Читать «Русские святыни» онлайн - страница 90

Николай Бенедиктов

В России отношение к слову видно по отношению к литературе. "Русская классическая литература, по стечению разных обстоятельств, взяла на себя роль, которую в других европейских странах выполняли философия, социология, политика и иные формы общественного сознания. Сосредоточение духовной жизни нации, в первую очередь, в литературе". Именно у нас родился термин "Литература и другие виды искусства", из которого видно царственное положение литературы и слова. И вместе с этим известна критика русской литературы как не отражающей мир русского человека. Вот резкие слова И. Солоневича: "Психология народа не может быть понята по его литературе… Так, Лев Толстой, разочарованный крепостник, с одной стороны, рисовал быт русской знати, окрашенный в цвета розовой идеализации этого быта, и, с другой, отражал чувство обреченности родного писателю слоя. Ф. Достоевский — быт деклассированного и озлобленного разночинца, окрашенный в тона писательской эпилепсии. А. Чехов — быт мелкой интеллигенции, туберкулезного происхождения. М. Горький — социал-демократического босяка. Л. Андреев — просто свои алкогольные кошмары… Безуховы и Болконские могли быть. Каратаевых и Свидригайловых быть не могло. Плюшкины могли быть, как могли быть и Обломовы, но ни один из этих героев никак не характеризует национальной психологии русского народа. Не Обломовы, а Дежневы, не Плюшкины, а Минины, не Колупаевы, а Строгановы, не "непротивление злу", а Суворовы. Литература всегда является кривым зеркалом народной души". Более того, "русская литературная психология абсолютно несовместима с основными фактами русской истории", "немцы знали русскую литературу, и немцы сделали из нее правильные выводы". И немецкий профессор "иронически развел руками и сказал:

— Мы, следовательно, стоим перед такой дилеммой: или поверить всей русской литературе, и художественной и политической, или поверить герру Золоневичу".

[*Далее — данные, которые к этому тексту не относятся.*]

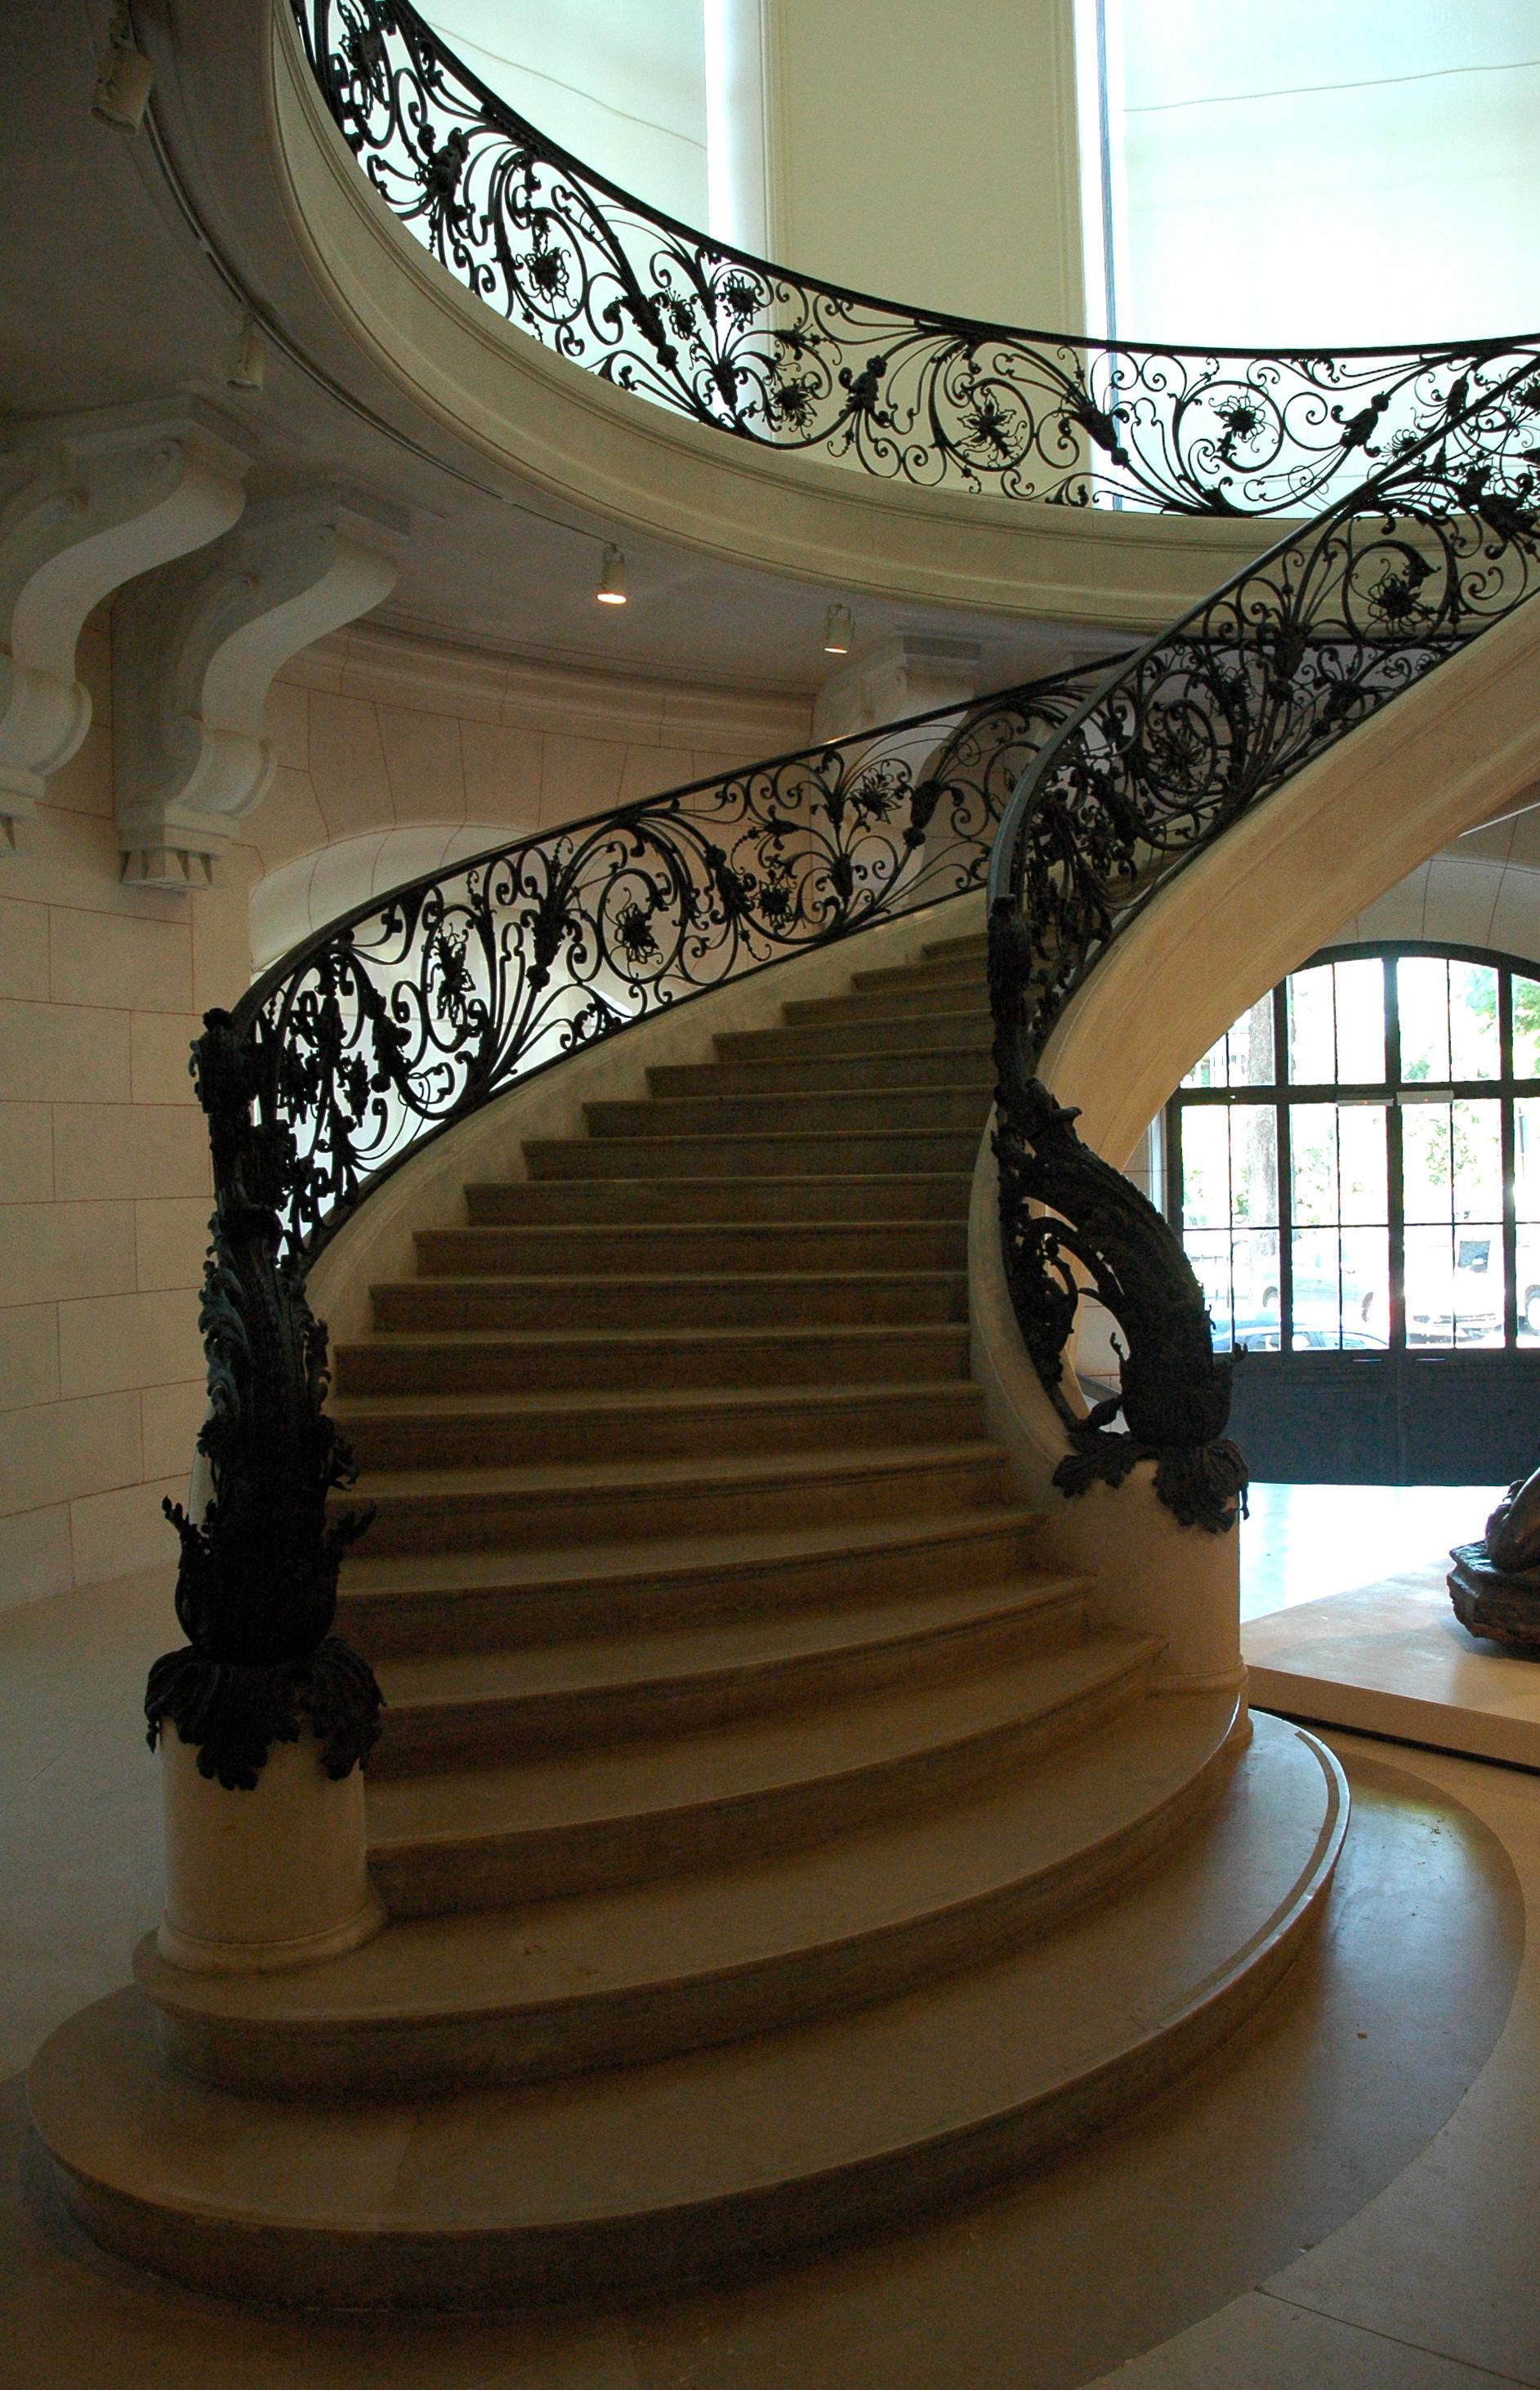 file france paris petit palais interieur wikimedia commons. Black Bedroom Furniture Sets. Home Design Ideas
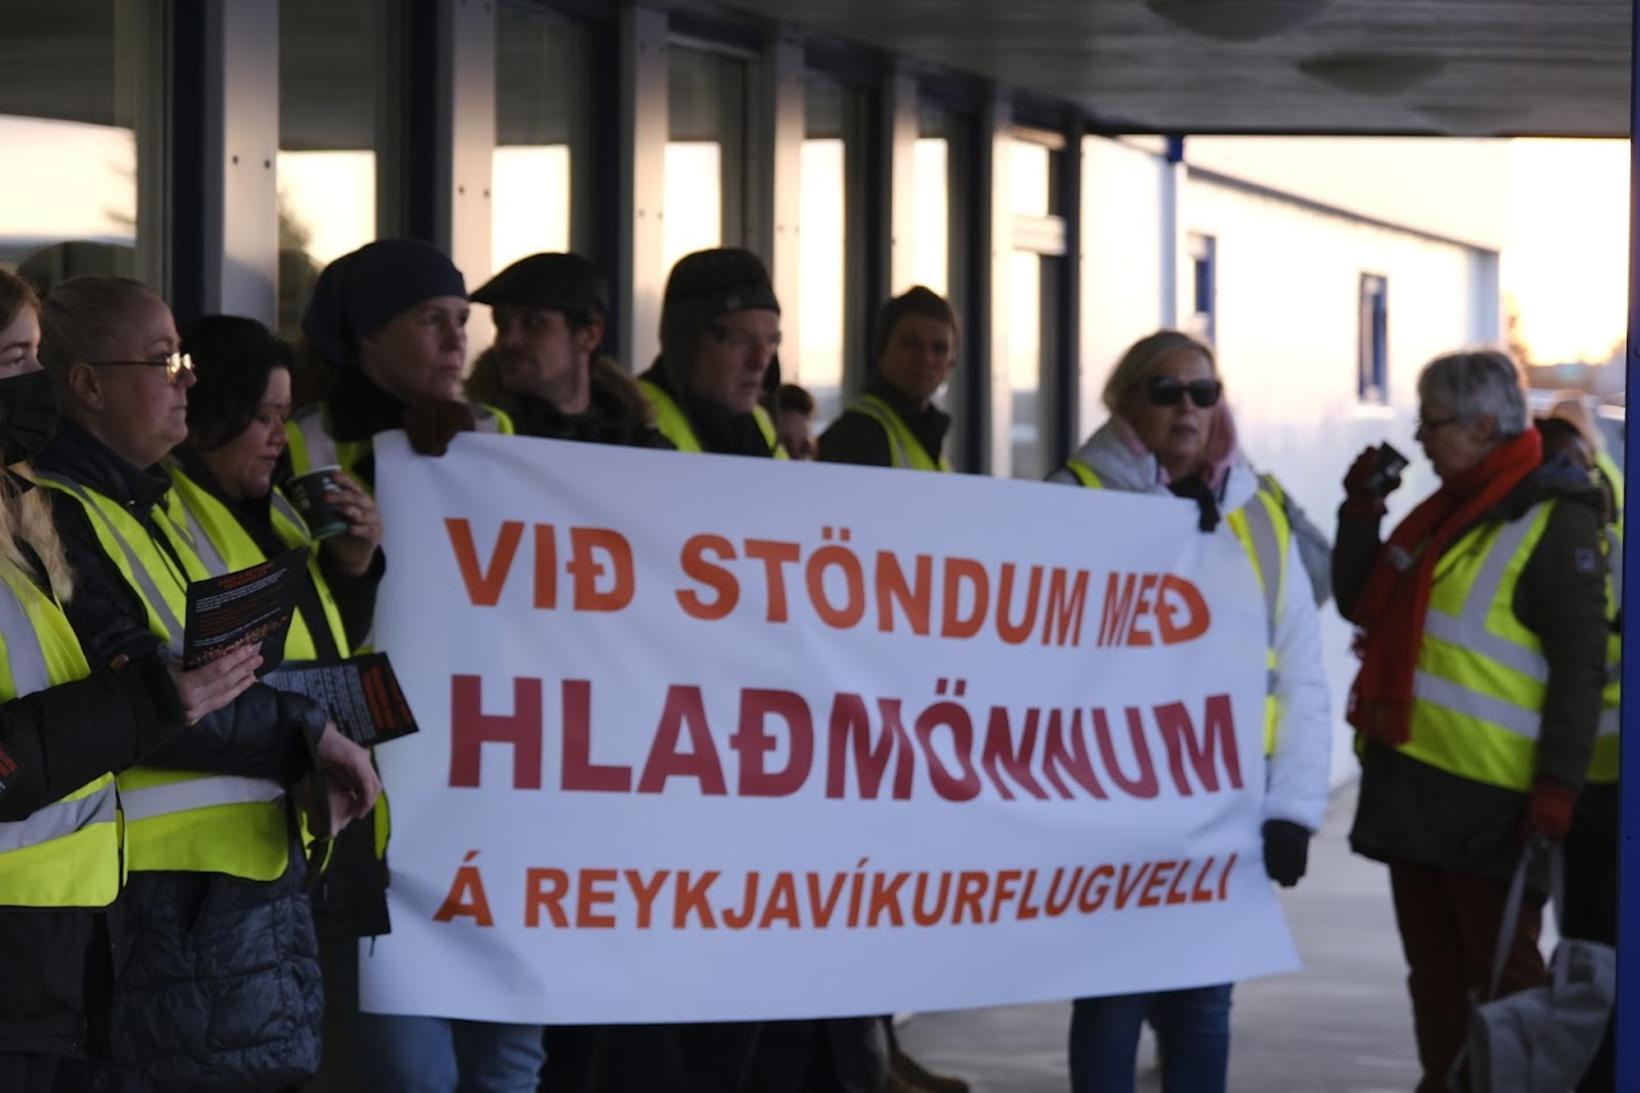 Eflingarfólk stendur með hlaðmönnum á Reykjavíkurflugvelli.

"Вся немецкая концепция завоевания Востока была целиком списана из произведений русских властителей дум. А потом — получилась форменная ерунда. "Унылые тараканьи странствования, которые мы называем русской историей" (формулировка М. Горького), каким-то непонятным образом пока что кончились в Берлине и на Эльбе. "Любовь к страданию", открытая в русской душе Достоевским, как-то не смогла ужиться с режимом оккупационных Шпенглеров. Каратаевы взялись за дубье и Обломовы прошли тысячи две верст на восток и потом почти три тысячи верст на запад", "откуда-то возникли совершенно непредусмотренные литературой люди железной воли. Откуда они взялись? Неужели их раньше и вовсе не было? Неужели сверхчеловеческое упорство обоих лагерей нашей гражданской войны, и белого, и красного, родилось только 25 октября 1917 года? И никакого железа в русском народном характере не смог раньше обнаружить самый тщательный литературный анализ?". Известно, что немецкие профессора были не одиночками в своем мнении. Так, Н. Бухарин в свое время назвал русских "нацией Обломовых", на что писатель Иван Катаев (не путать с Валентином) возразил, сказав, что Обломовы не делают революций. Как видим, спор серьезный и практический. Пластичность русского характера нередко принимают за слабость, за женственность. Однако сравнение русской идеи и германской вряд ли может быть проведено по линии между силой и слабостью. В. Розанов, ссылаясь на Бисмарка, говорившего о женственном русском характере и мужественном германском, добавил: "Муж, положим, «глава»; но — на "шее". Легенду о железном (по сравнению с мягким женским русским характером) и мужественном немецком характере, организовавшем аморфное славянство, развеивает и то обстоятельство, что во Второй мировой войне никакую немецкую голову на советской стороне и на сто верст к фронту не допускали, нашли железо и (голову свою, а не заемную) своя голова, а не чужая, обеспечила победу.